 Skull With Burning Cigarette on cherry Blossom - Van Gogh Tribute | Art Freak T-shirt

══════

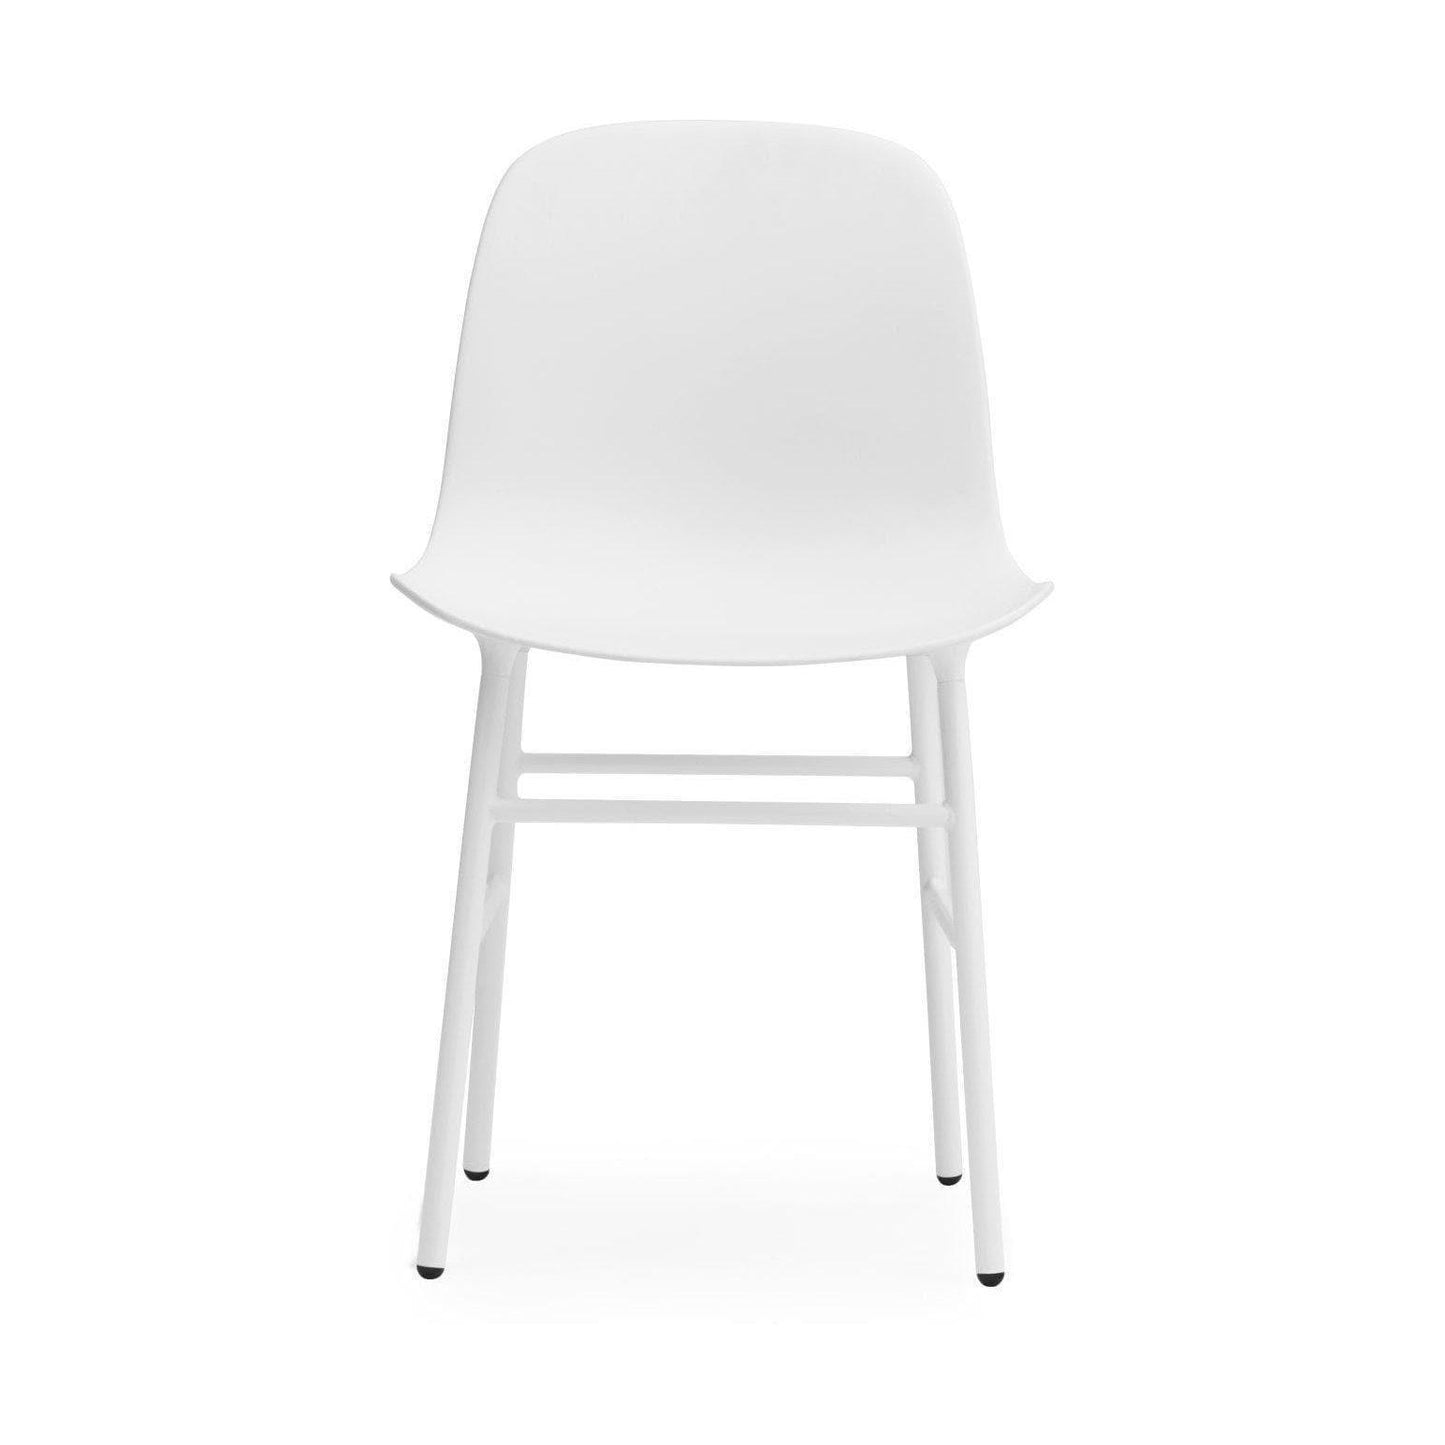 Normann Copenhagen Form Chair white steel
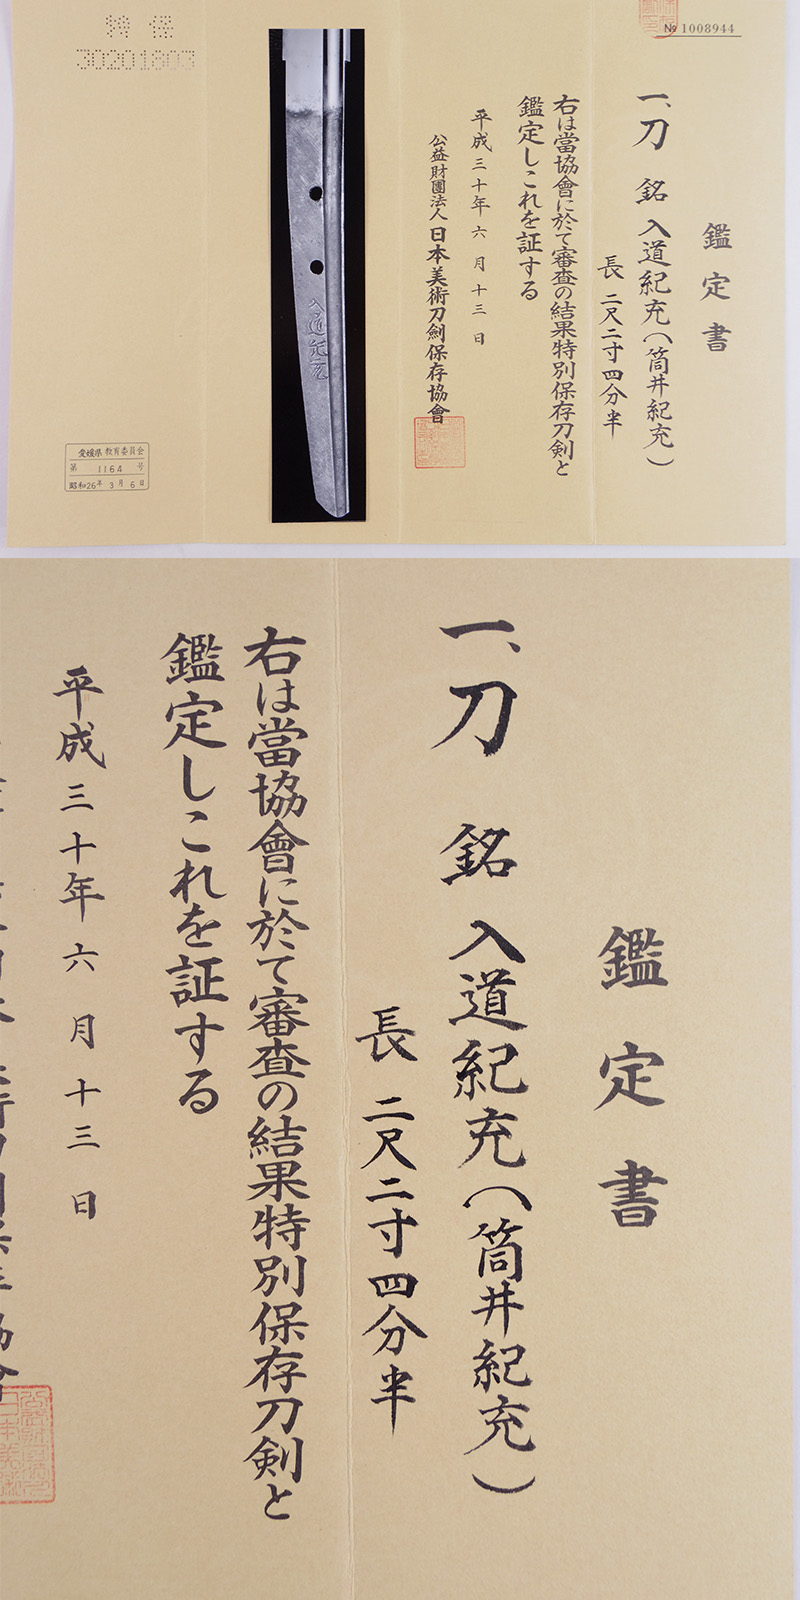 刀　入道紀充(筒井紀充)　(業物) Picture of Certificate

══════

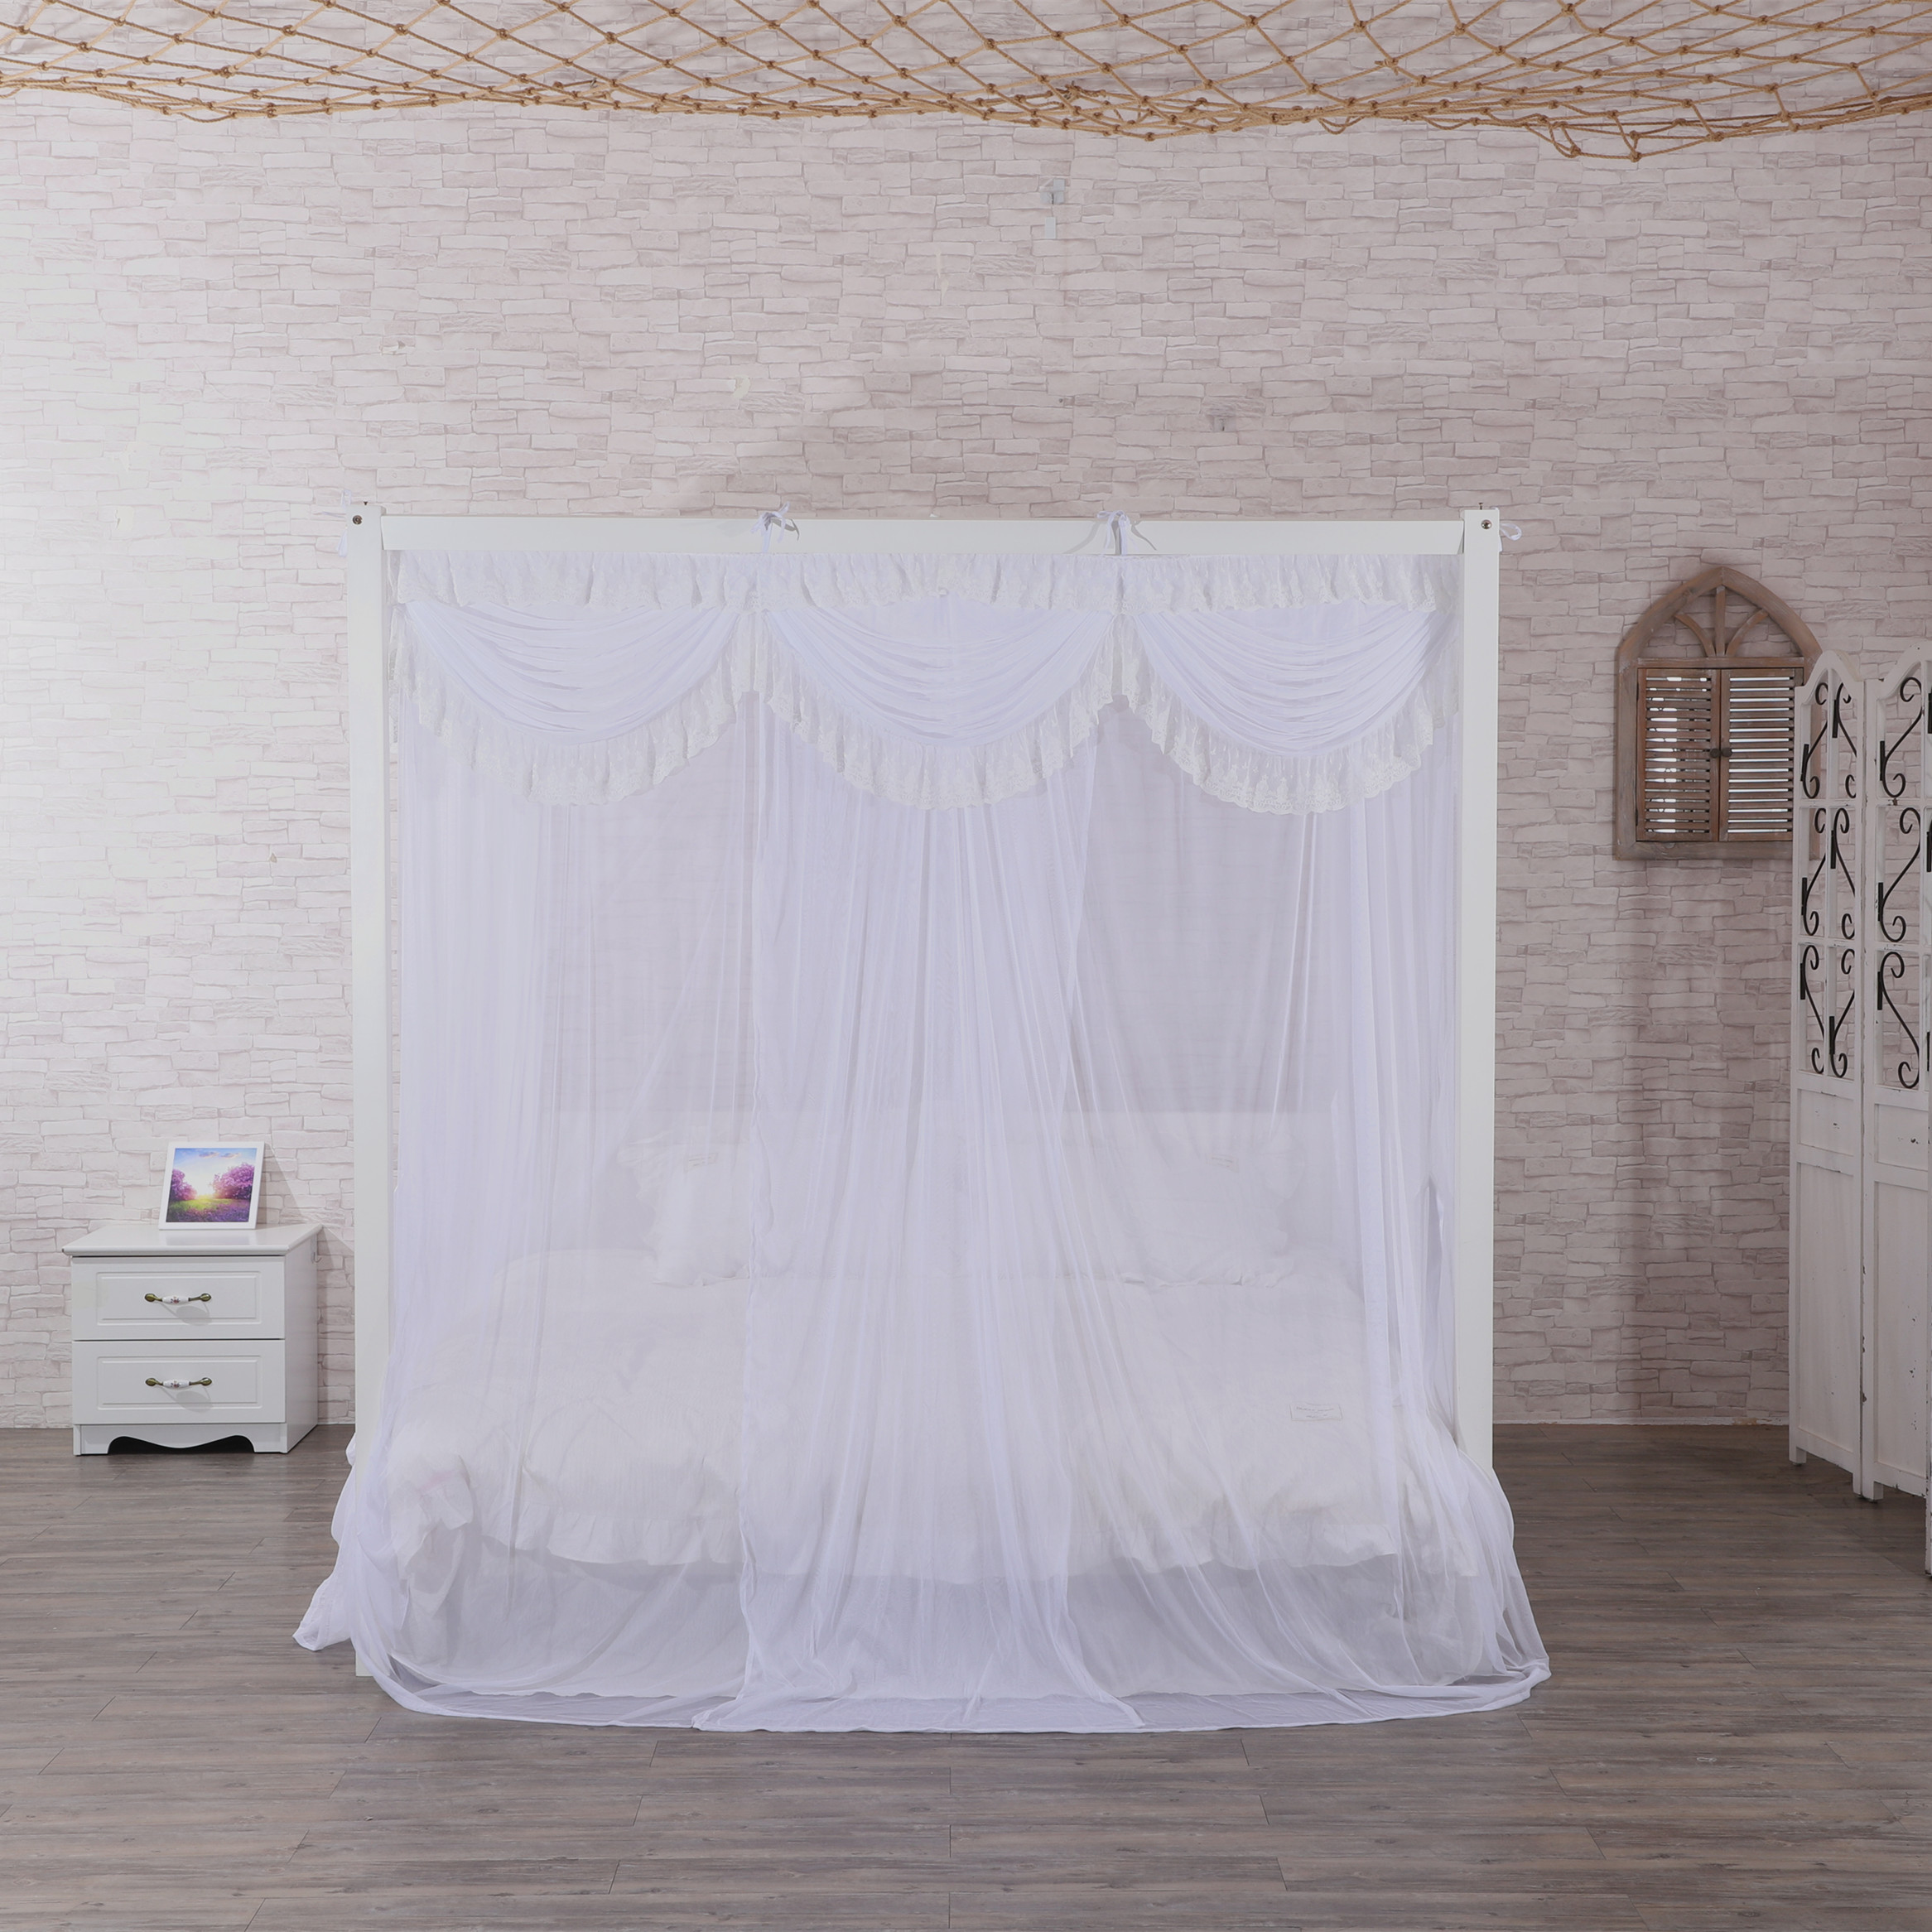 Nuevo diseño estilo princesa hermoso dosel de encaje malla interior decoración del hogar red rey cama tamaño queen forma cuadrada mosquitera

══════

_Work task:_
Copy nothing but the lines above from the one with "Normann Copenhagen Form Chair white steel" to the one with "刀　入道紀充(筒井紀充)　(業物) Picture of Certificate", inclusive, word for word. Leave every picture out.

_Solution to the exercise:_
 Normann Copenhagen Form Chair white steel
 刀　入道紀充(筒井紀充)　(業物) Picture of Certificate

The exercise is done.